-- INFORMATION SUPPLIED --
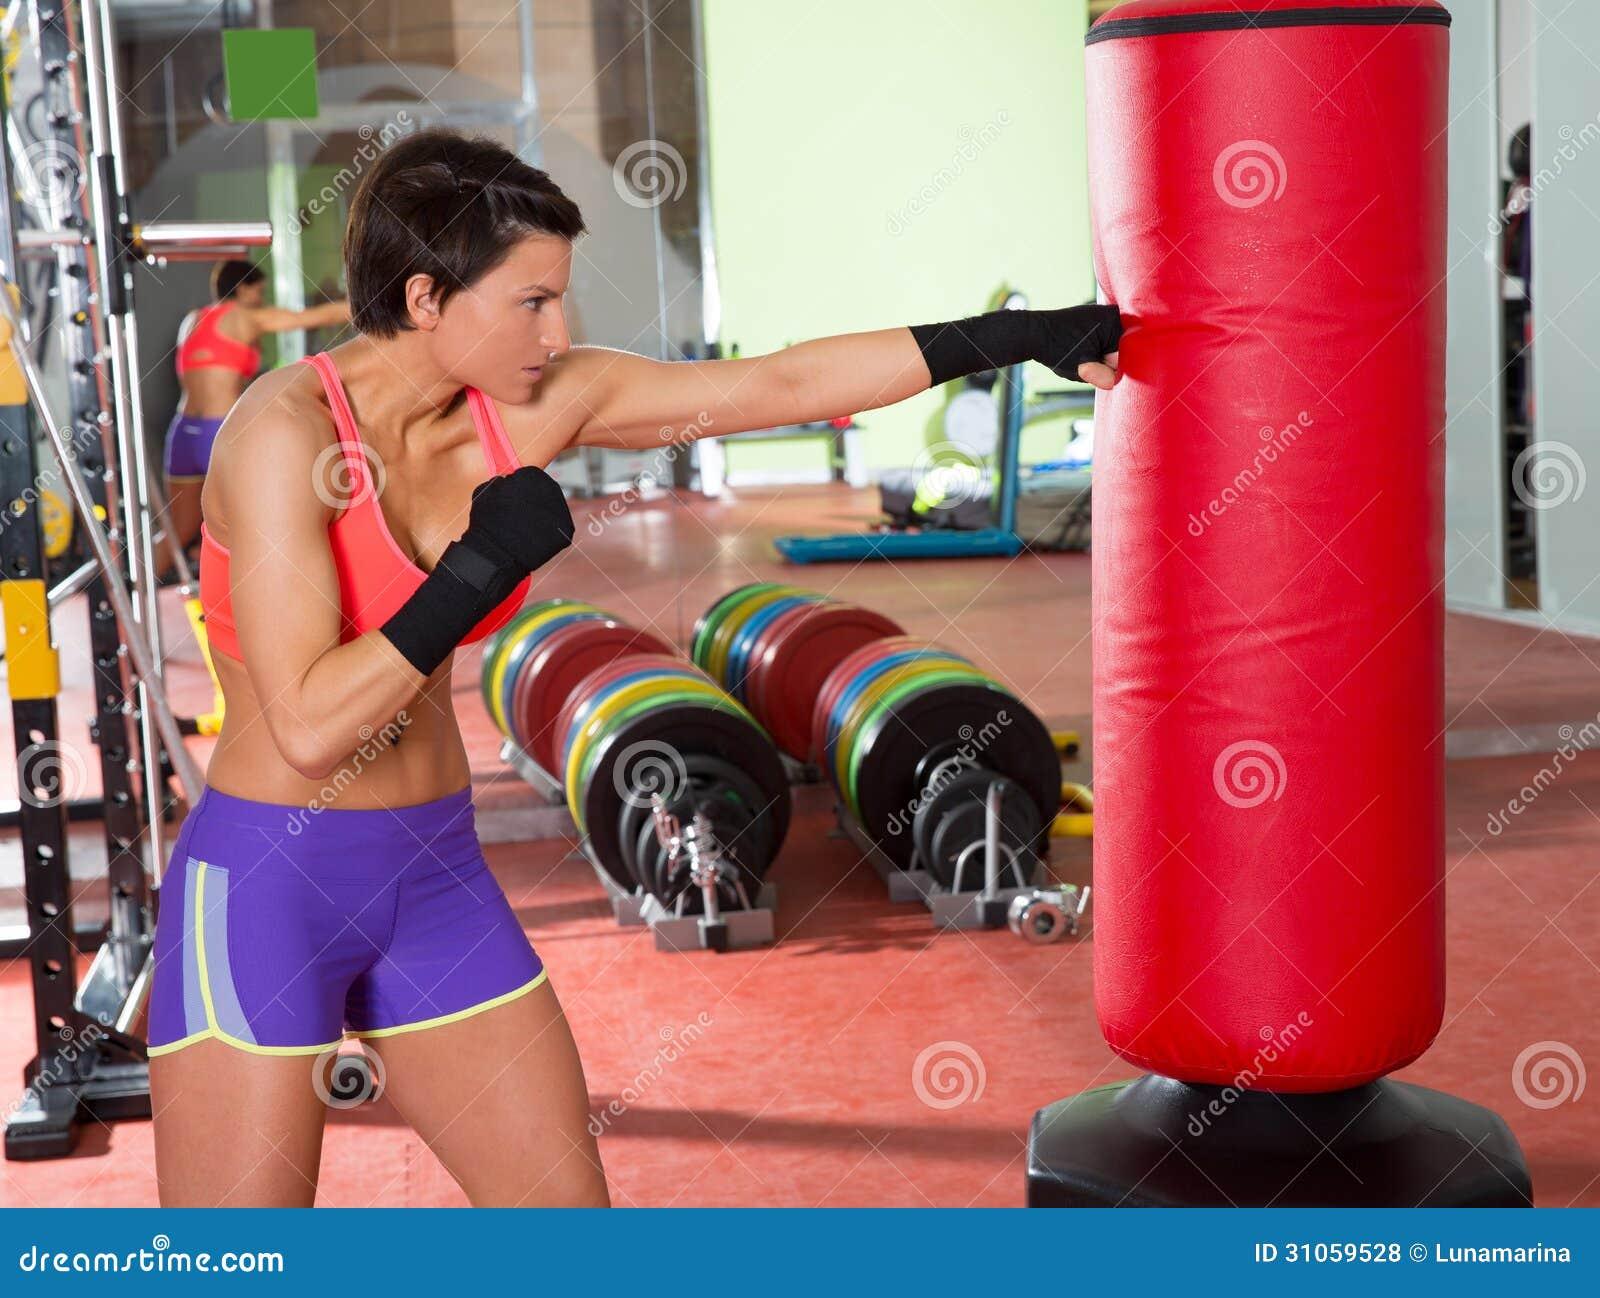 Boxe Crossfit Sac Photo Femme Le Stock Rouge Sable De Avec YfbmgyI76v
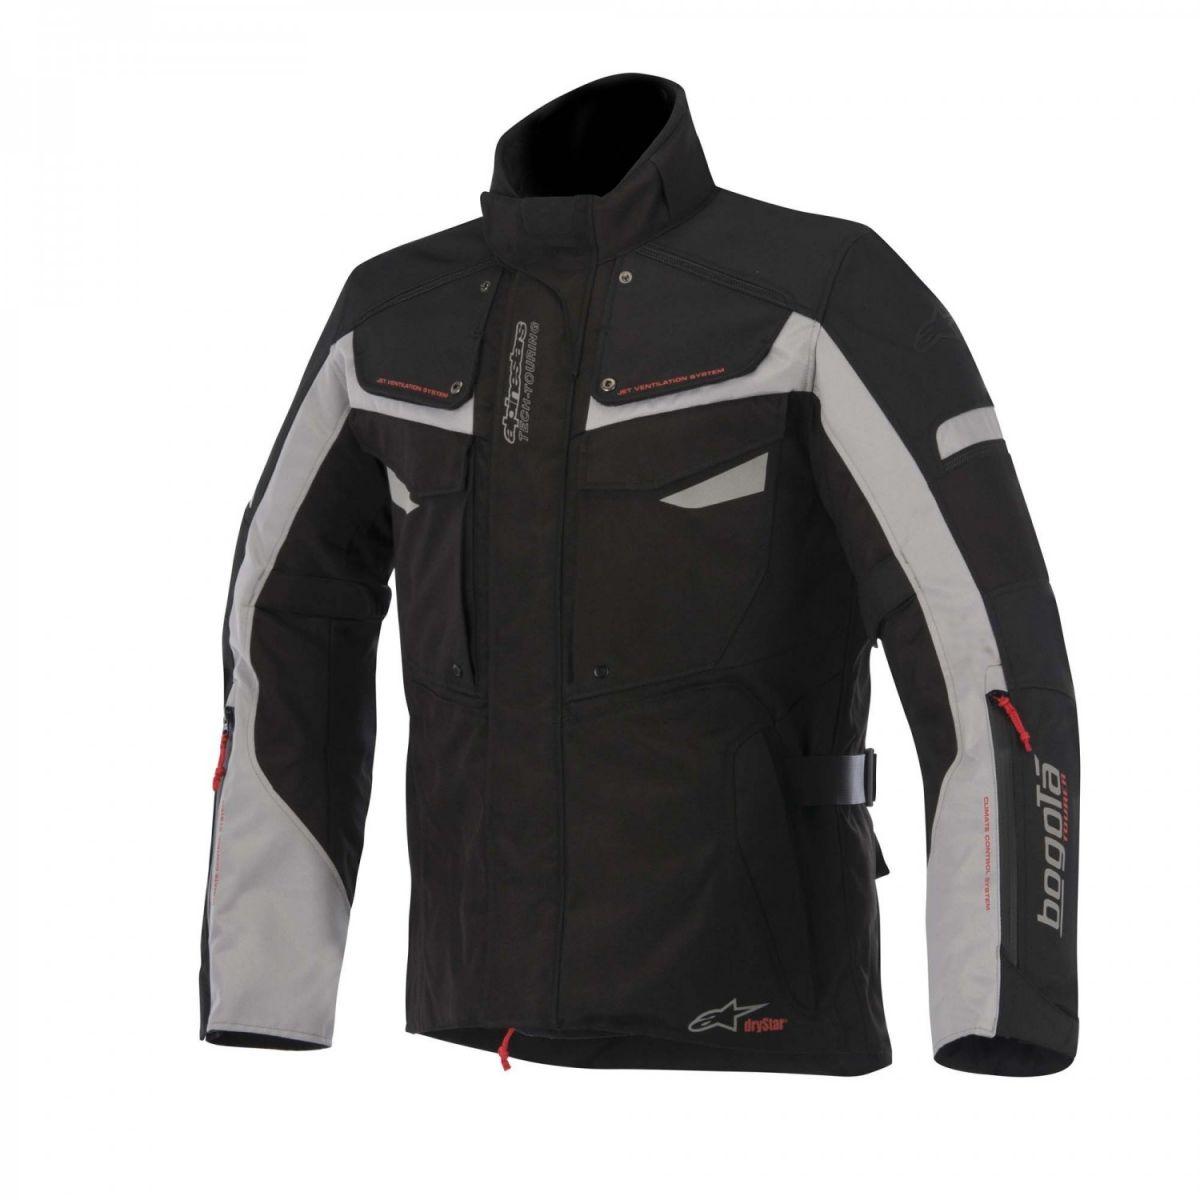 Jaqueta Alpinestars Bogotá  Dark Gray Parka  - Nova Suzuki Motos e Acessórios
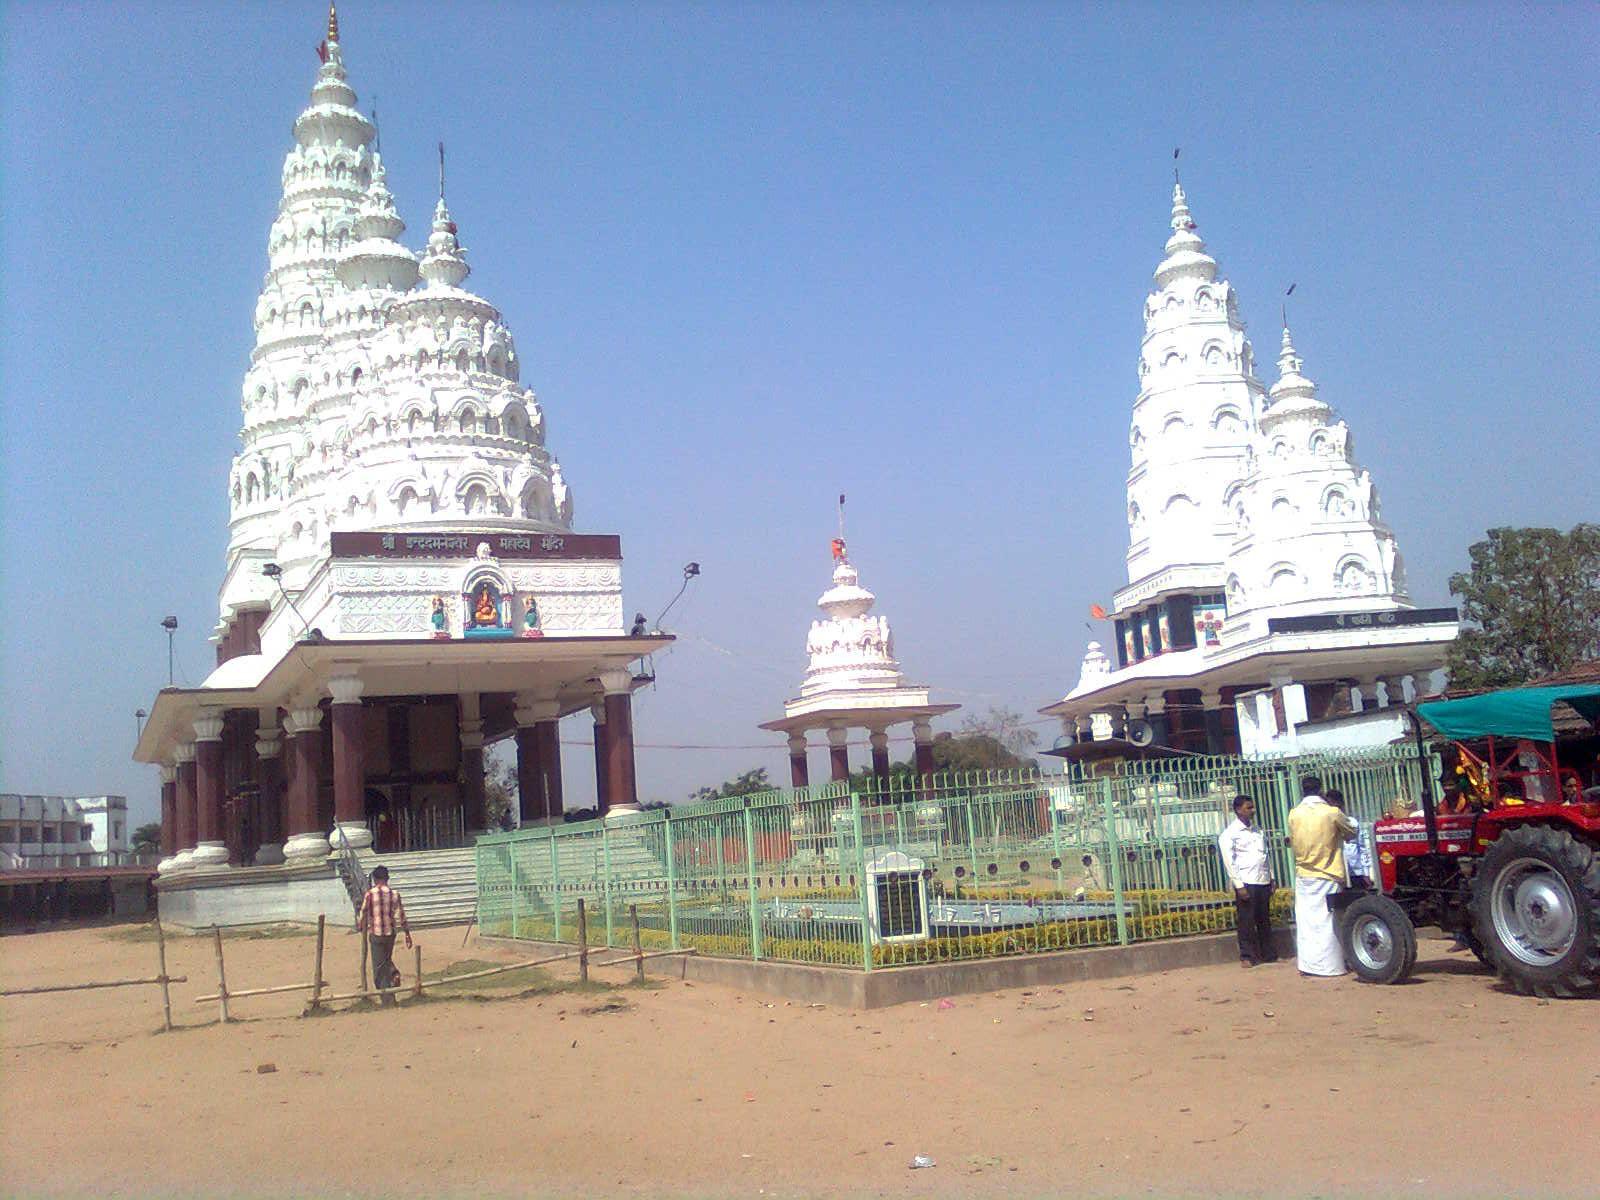 http://www.getbookcab.com/Admin/images/Lakhisarai.jpg

-- YOUR TASK --
Once the pictures are set aside, output all of the data above verbatim.

-- RESULT --
 Boxe Crossfit Sac Photo Femme Le Stock Rouge Sable De Avec YfbmgyI76v
 Jaqueta Alpinestars Bogotá  Dark Gray Parka  - Nova Suzuki Motos e Acessórios
 http://www.getbookcab.com/Admin/images/Lakhisarai.jpg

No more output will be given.